“I guess you didn’t hear the owner say we were closed,” Charlie told him firmly. At the moment, his shadow was insubstantial as a moonbeam. She knew it cost them something to manipulate it, she just wasn’t entirely sure what.
“The owner’s gone,” he said. “Just us now.”
The etheric shape moved toward her again, so large that the whole room seemed to darken. Charlie crossed her arms over her chest.
Hermes slammed his hand down on the bar, making her jump. “Do you know what I could do to you?”
Her adrenaline spiked, making it hard to think, but she reminded herself that he had no idea who she was. Whatever had driven him to confront her, he didn’t think he was talking to Charlie Hall, thief of magic. He saw only Charlie Hall, overcurious bartender. And that was how she was going to play this, with the arrogance of ignorance.
“Do to me? I don’t know, what can you do with your scaaaary shadow?” she asked. “Hover a little? Look two inches taller if I don’t squint? Better sense of smell?”
For a moment, she had the satisfaction of Hermes looking flummoxed. Then he snorted. “You really don’t know, do you? You know nothing about nothing.”
“That’s me, an ignoramus,” Charlie told him, proud of how even her voice sounded. “For instance, I have no idea why you’re here harassing me.”
The man’s shade stretched like taffy—toward Charlie and then through a slender seam in the wood of the bar, over the sink and spare glasses and plastic containers of grenadine and simple syrup.

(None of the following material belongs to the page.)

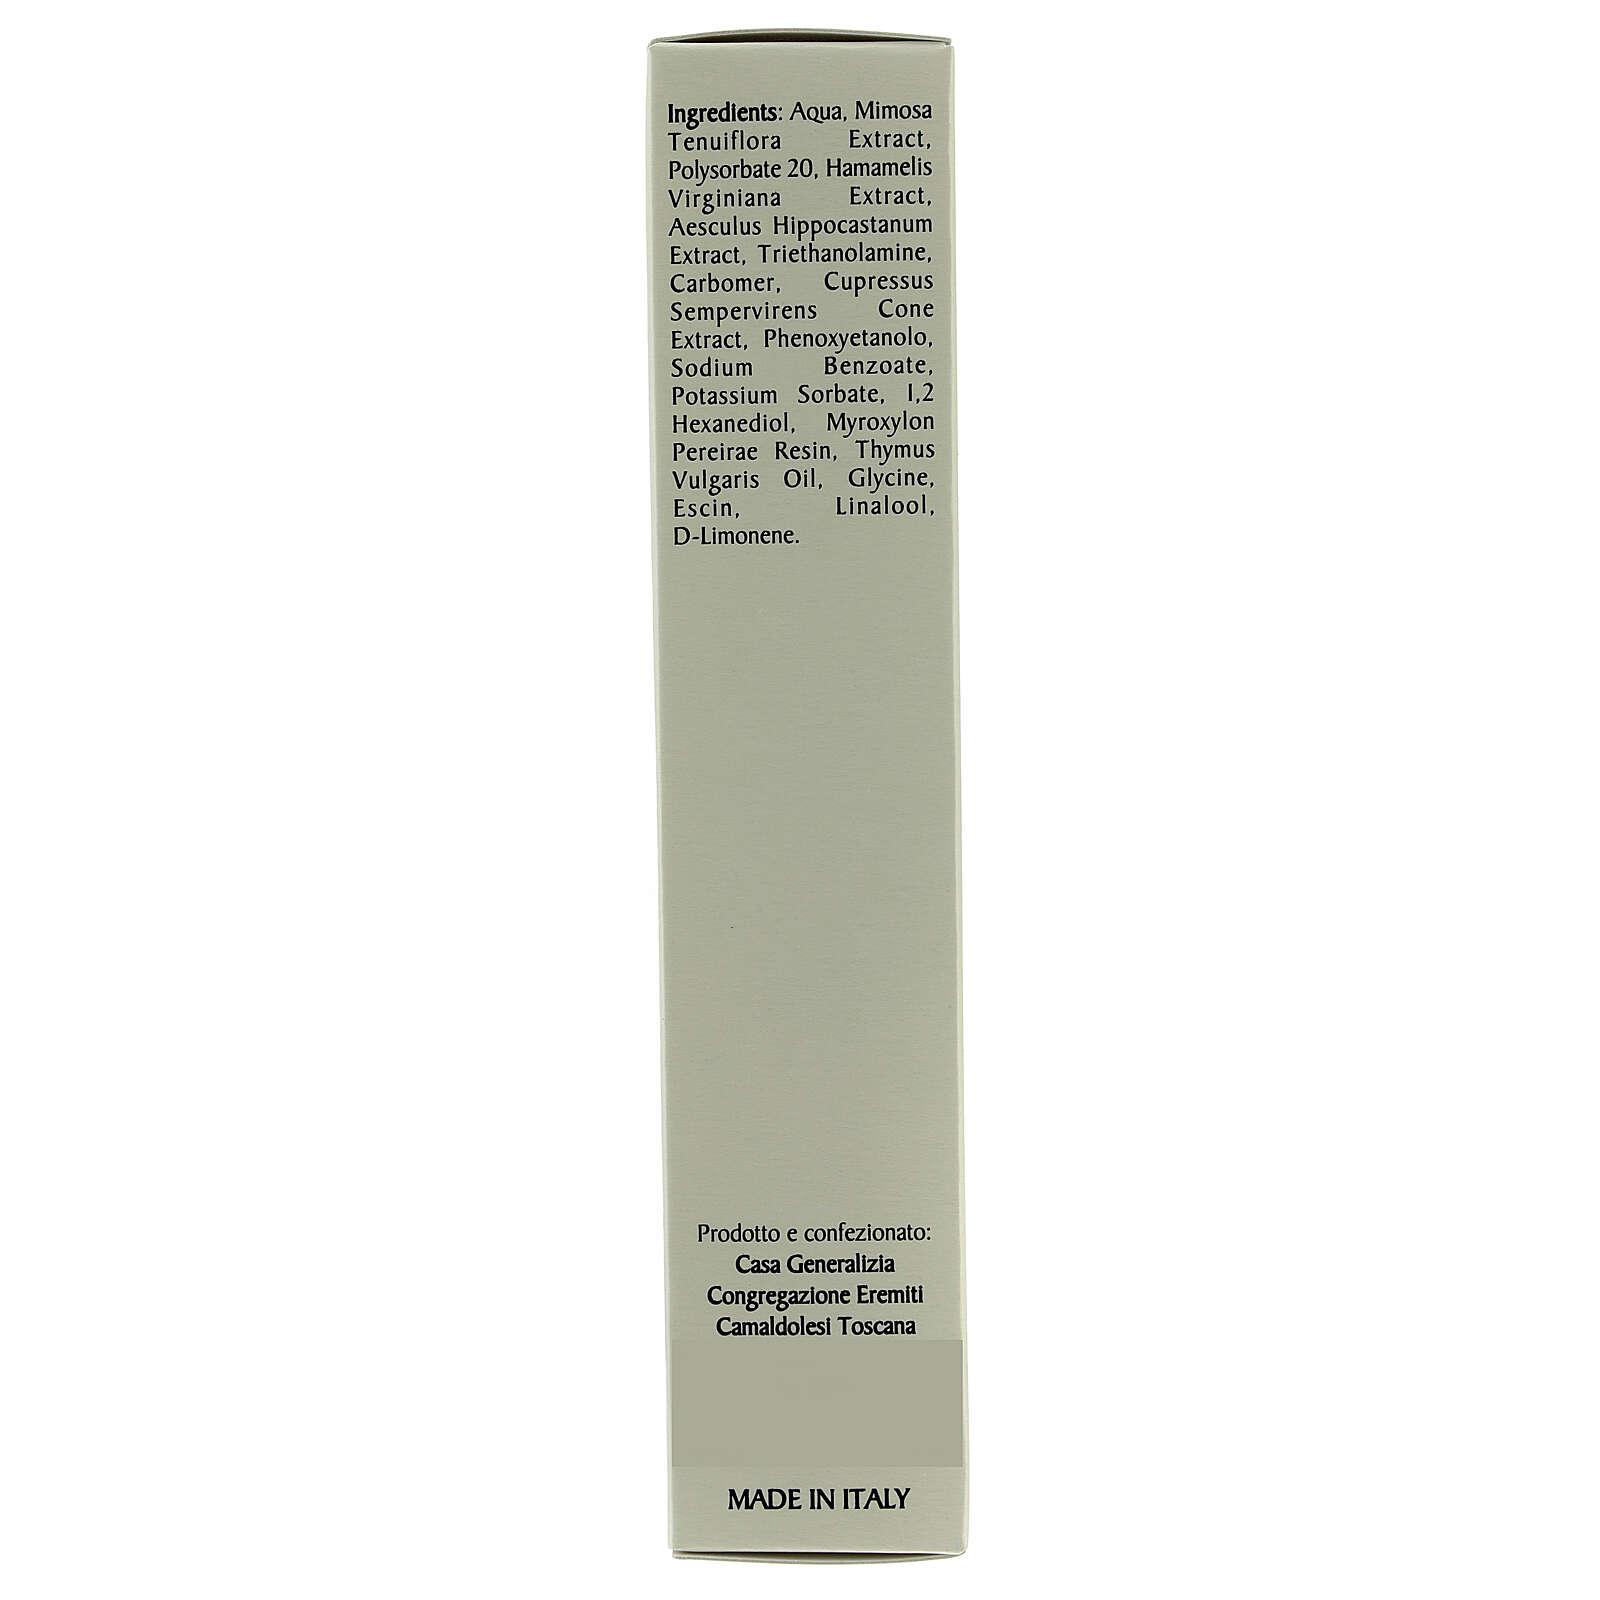 Gel de Castaño de Indias (30 ml) 4

In all the time she’d stolen from them, she’d dreaded the thought of being caught by one of their shadows. To find out the limits of gloamist powers in the worst way possible. Ironic, to have avoided it then, only to have it happen now.
She took a step away, but the narrowness of the bar prevented her from escape. She was trapped with mirrored shelves of booze behind her, along with a register and finicky cappuccino machine.

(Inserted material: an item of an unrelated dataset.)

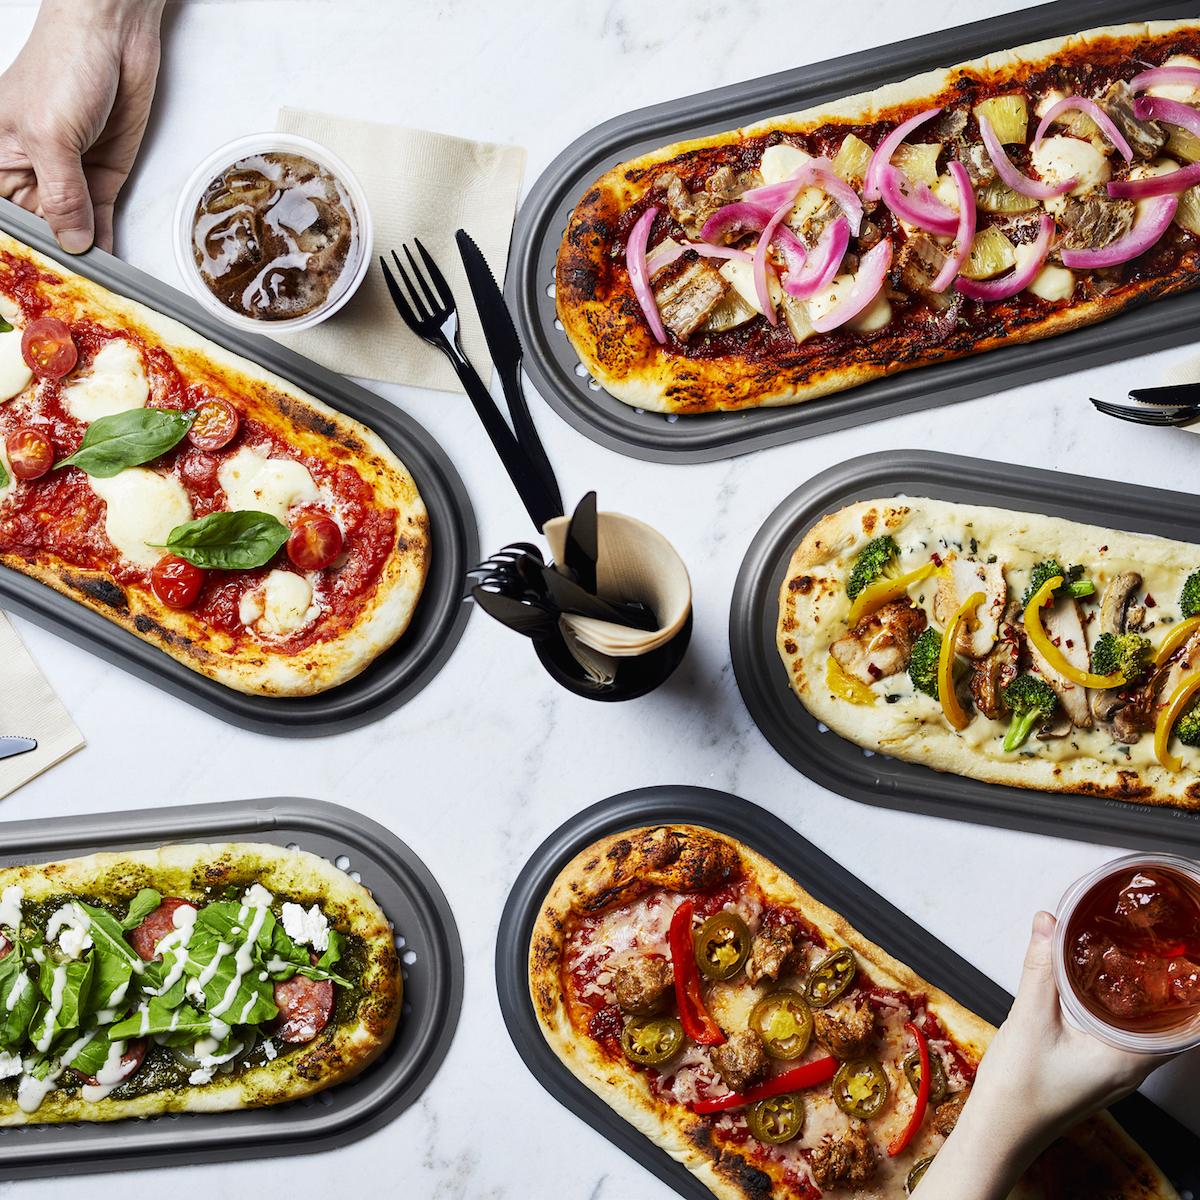 アレンジするのは生地から手作りする本格ピザ。カスタムピザ専門店が六本木で開店

“Paul Ecco,” Hermes said, into that silence. “You might be the last person he spoke with on earth. Pretty girl like you, I bet he bragged about how rich he was going to be. Maybe showed you a rare object he was intending on selling. But, you see, that object belonged to Mr. Salt. Tell us how Ecco got it. Tell us and you can go back to your sad little life and pretend you never had a brush with death.”
Lionel fucking Salt.
This was a fishing operation. Hermes had no idea Charlie knew anything. But she’d lied on the phone to test him, and that had made her look suspicious. In a year away from the work, she’d gotten sloppy. “All I did was pour the guy a shot.”
He has no reason to hurt me, she told herself, although she doubted anyone who worked for Salt would need a reason. The room was quiet, as though she and the man shared a single indrawn breath.

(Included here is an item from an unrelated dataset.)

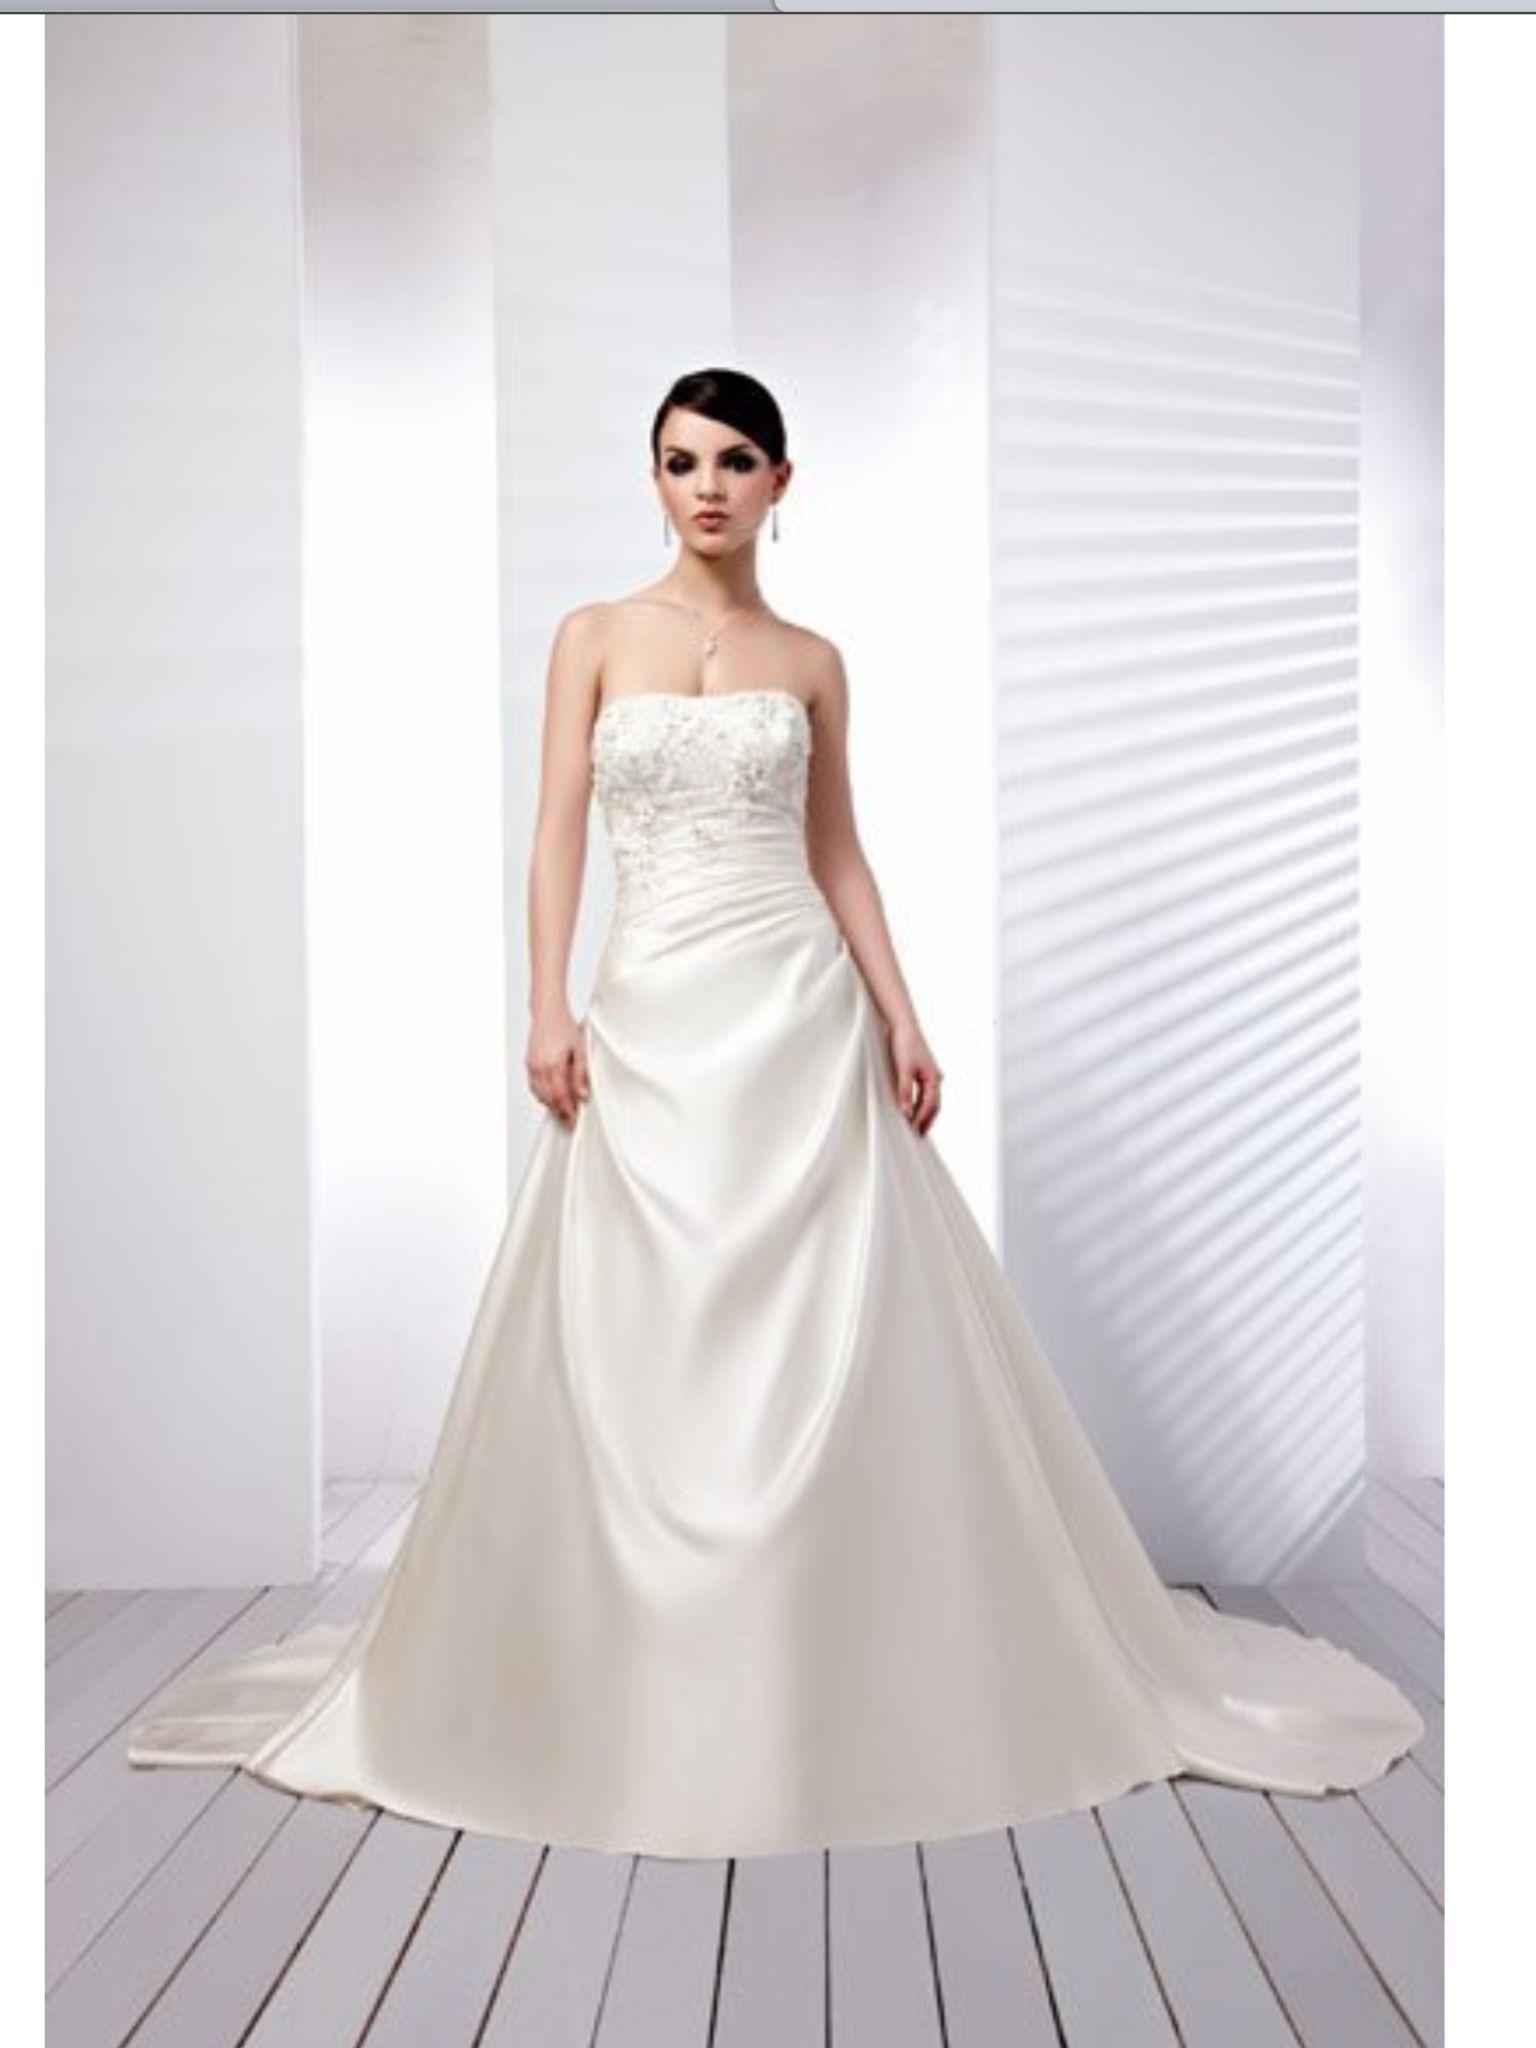 Ivory satin wedding dress on sale uk size 18 wedding dresses ivory satin wedding dress on sale uk size 18 ombrellifo Choice Image

“You know what I feed this thing?” the man demanded, stepping away from her and his shadow. “Blood. Maybe yours.”
Hermes’s shade congealed somehow. For a moment, it seemed as though he was in two places at once, so convincingly did the shadow re-create him. It appeared solid, although the umbilical cord–like connection to the bearded man’s feet remained visible but blurry.
A shadow finger reached toward her and Charlie braced. When it brushed her skin, she had the sensation of something cold and a little electric, as though she was being touched by a storm. She stiffened, stumbling back as a wave of fear crested over her—too great and too paralyzing to be her own.
Charlie’s heart skittered, the unreality of the moment making her dizzy.
“Okay, get that thing away from me. You win.” Charlie’s voice shook as she held up her hands in surrender, backing away. She bit the inside of her cheek to steady herself. “You convinced me. I’ll pour you a beer, even though we’re closed.”
The shade didn’t move. “You’re a real joker, aren’t you?” Hermes said.
Reaching onto the mirrored shelf, Charlie took down a pint glass. It was slippery in her fingers, her palms sweating. The shade hung in the air, drifting beside her, as she pulled a draft of their nicest IPA.
Maybe she could try the truth. Well, some of the truth. “I was walking home and I saw him. Paul Ecco, dead. I recognized him from Rapture. It looked bad, what happened to him. And then when it wasn’t in the news, I guess I got curious.”
“You’re lying,” he told her. “You knew him. You called looking for him.”
“I didn’t expect anyone to answer,” she said. “And then I thought that if I asked for Paul, the person on the other end of the line would tell me what happened. I didn’t expect that you would pretend to be him.”